▸ **Information supplied**:
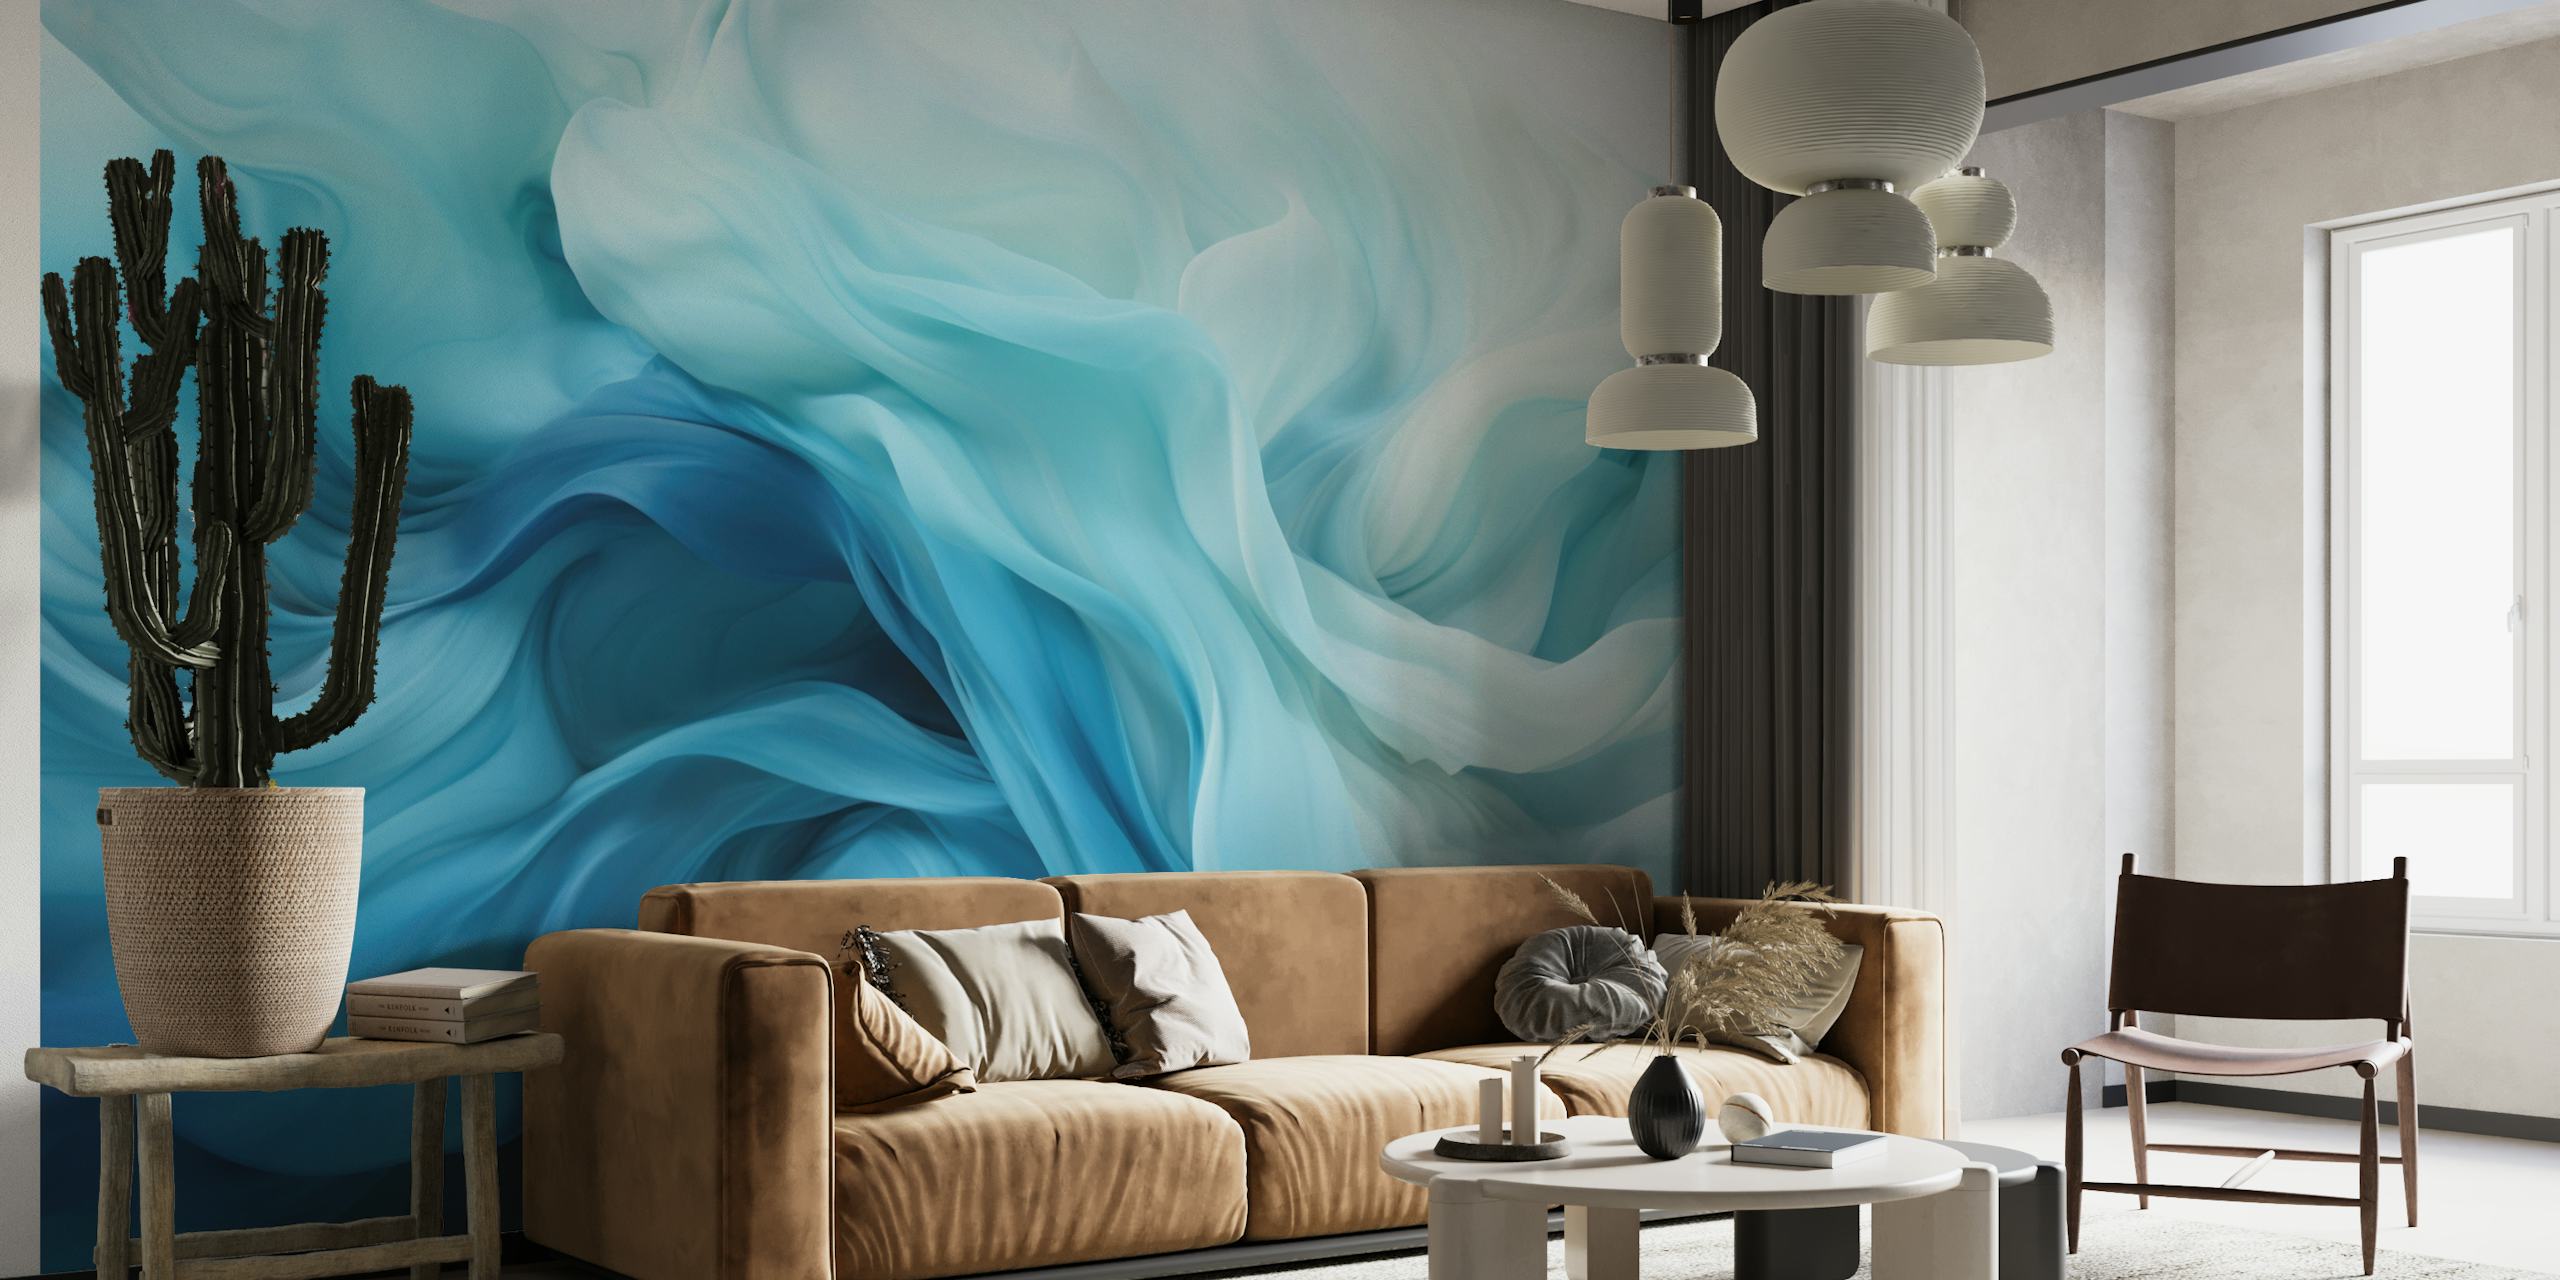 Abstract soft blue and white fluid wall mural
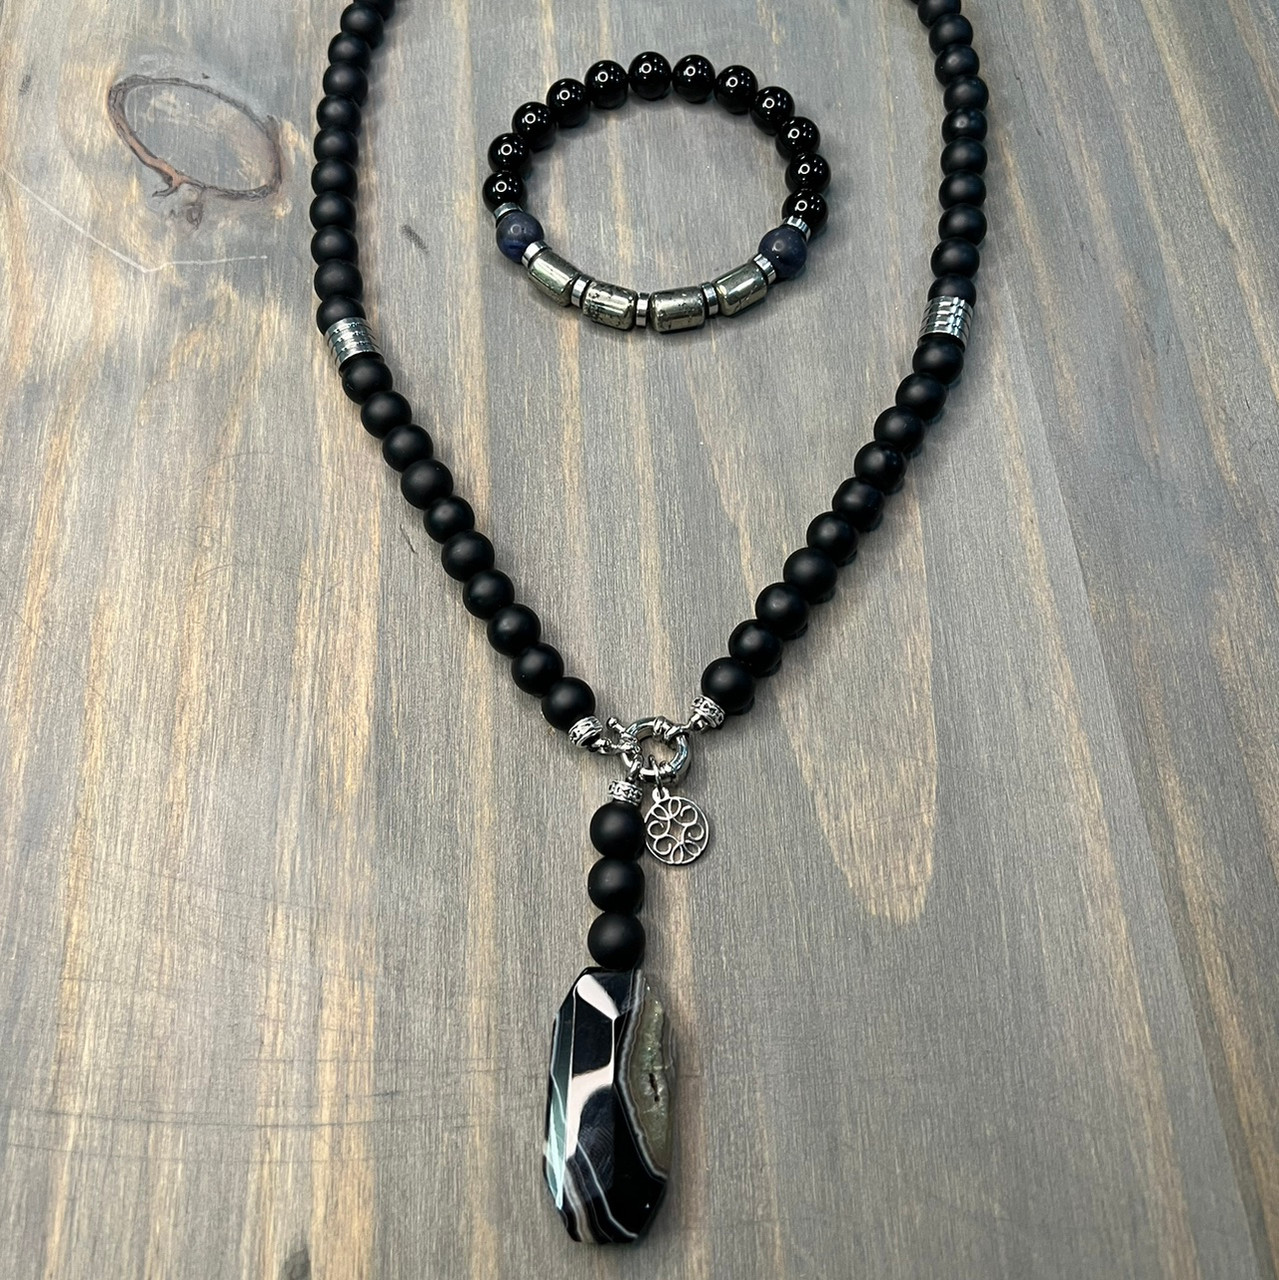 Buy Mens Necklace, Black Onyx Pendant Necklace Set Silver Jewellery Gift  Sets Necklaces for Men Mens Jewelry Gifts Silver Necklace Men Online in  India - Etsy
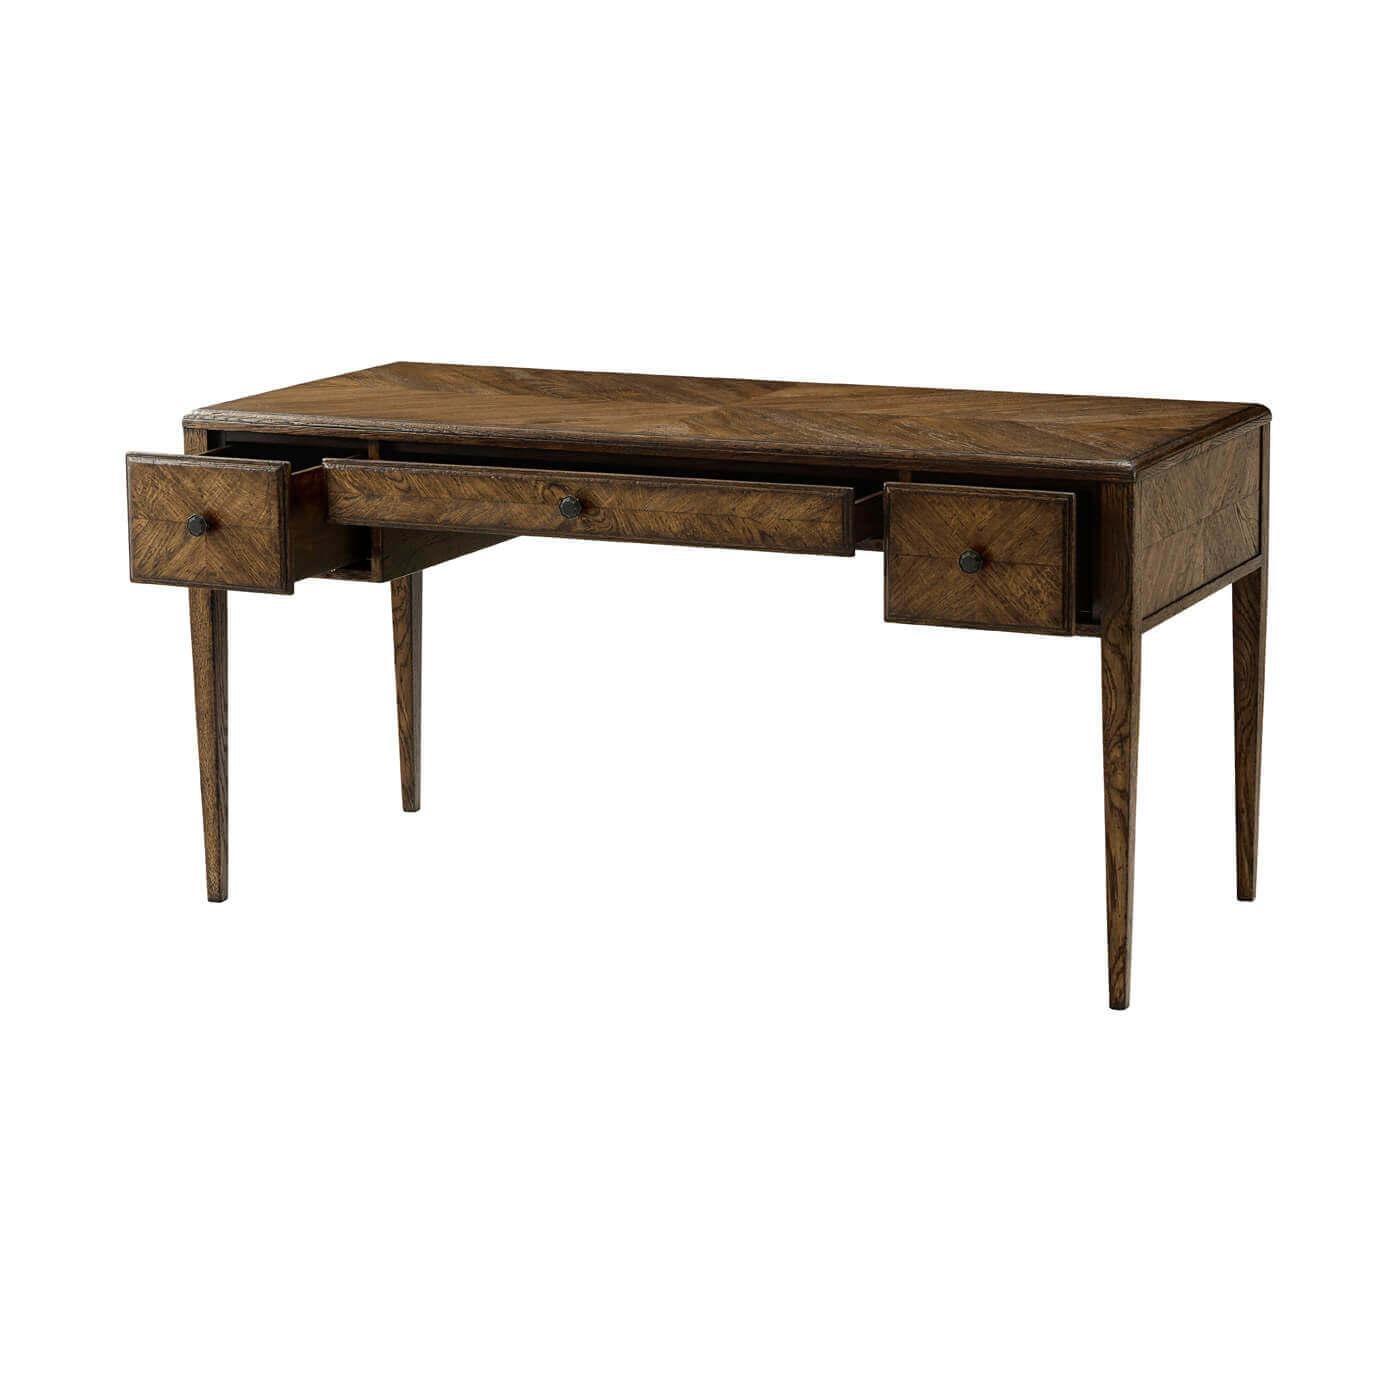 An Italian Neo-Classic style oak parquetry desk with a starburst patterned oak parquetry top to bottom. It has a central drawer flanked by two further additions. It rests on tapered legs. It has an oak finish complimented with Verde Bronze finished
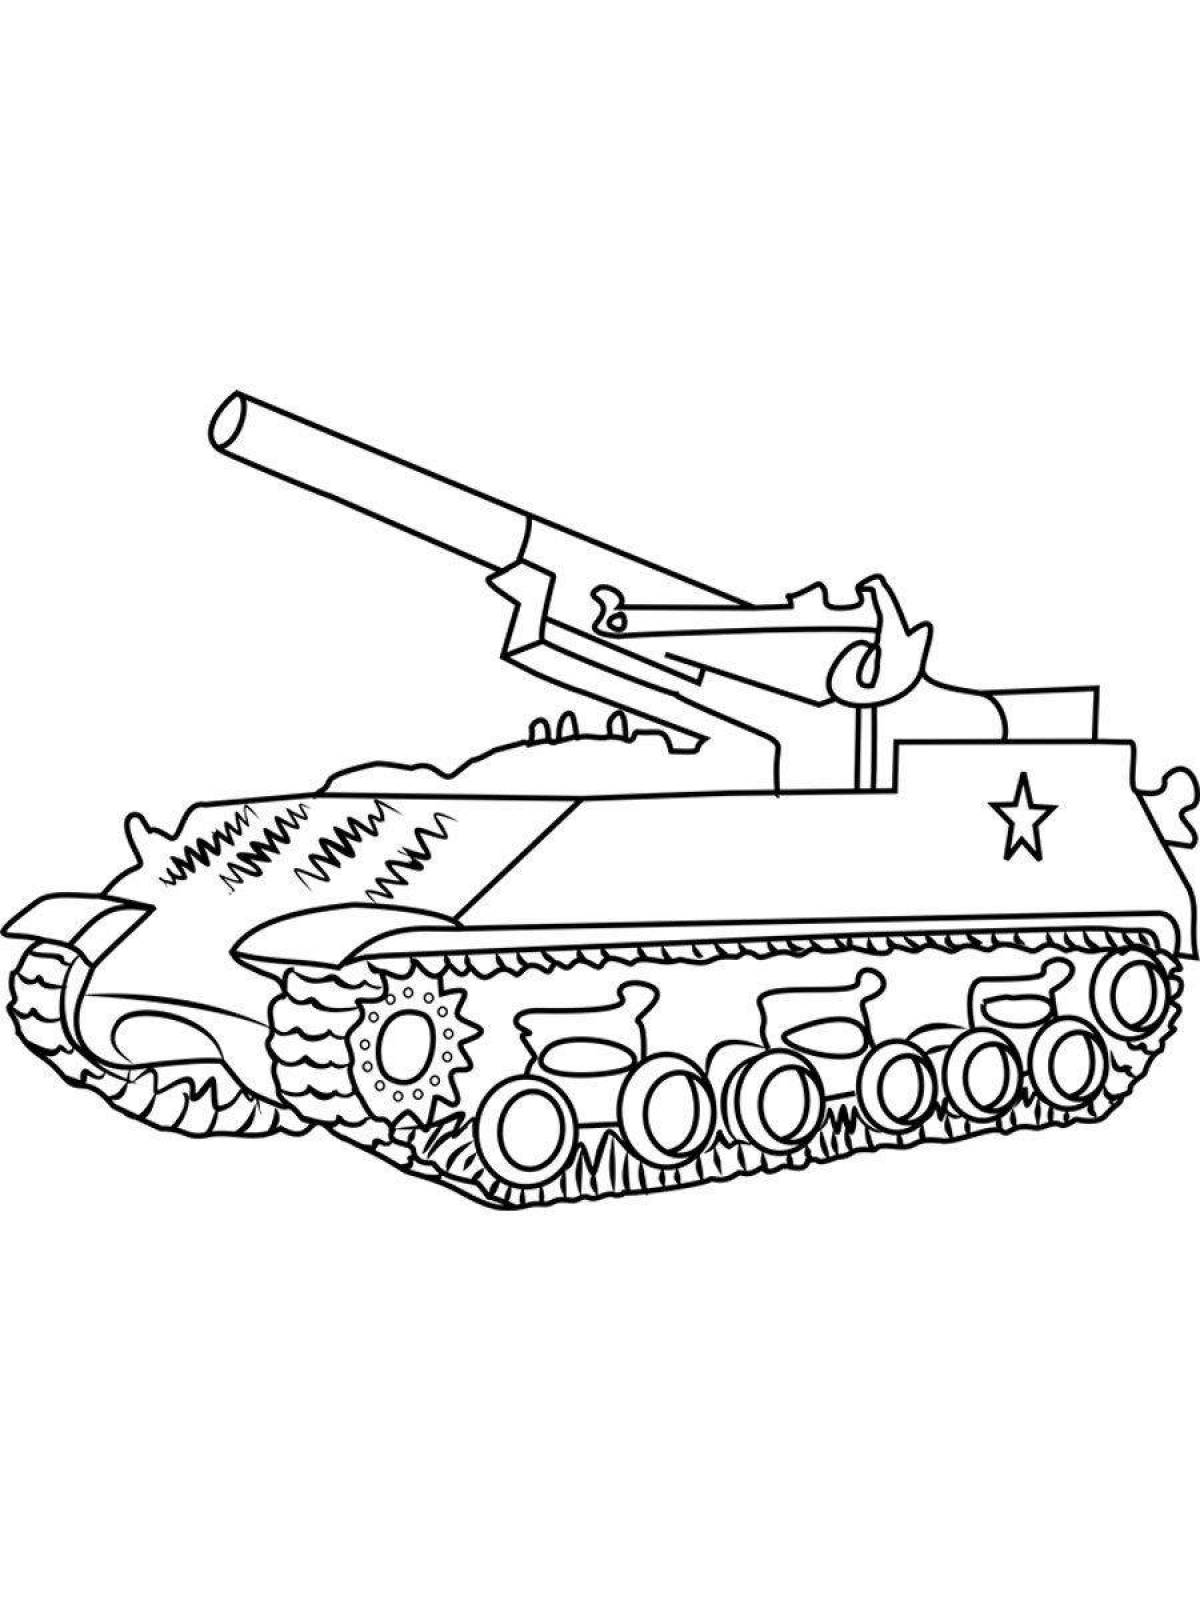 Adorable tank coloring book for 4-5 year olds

▸ **Task brief**:
Locate the line containing "Buy Mens Necklace, Black" in the material above, then repeat it and every later line exactly, with no pictures.

▸ **Answer section**:
 Buy Mens Necklace, Black Onyx Pendant Necklace Set Silver Jewellery Gift  Sets Necklaces for Men Mens Jewelry Gifts Silver Necklace Men Online in  India - Etsy
 An Italian Neo-Classic style oak parquetry desk with a starburst patterned oak parquetry top to bottom. It has a central drawer flanked by two further additions. It rests on tapered legs. It has an oak finish complimented with Verde Bronze finished
 Adorable tank coloring book for 4-5 year olds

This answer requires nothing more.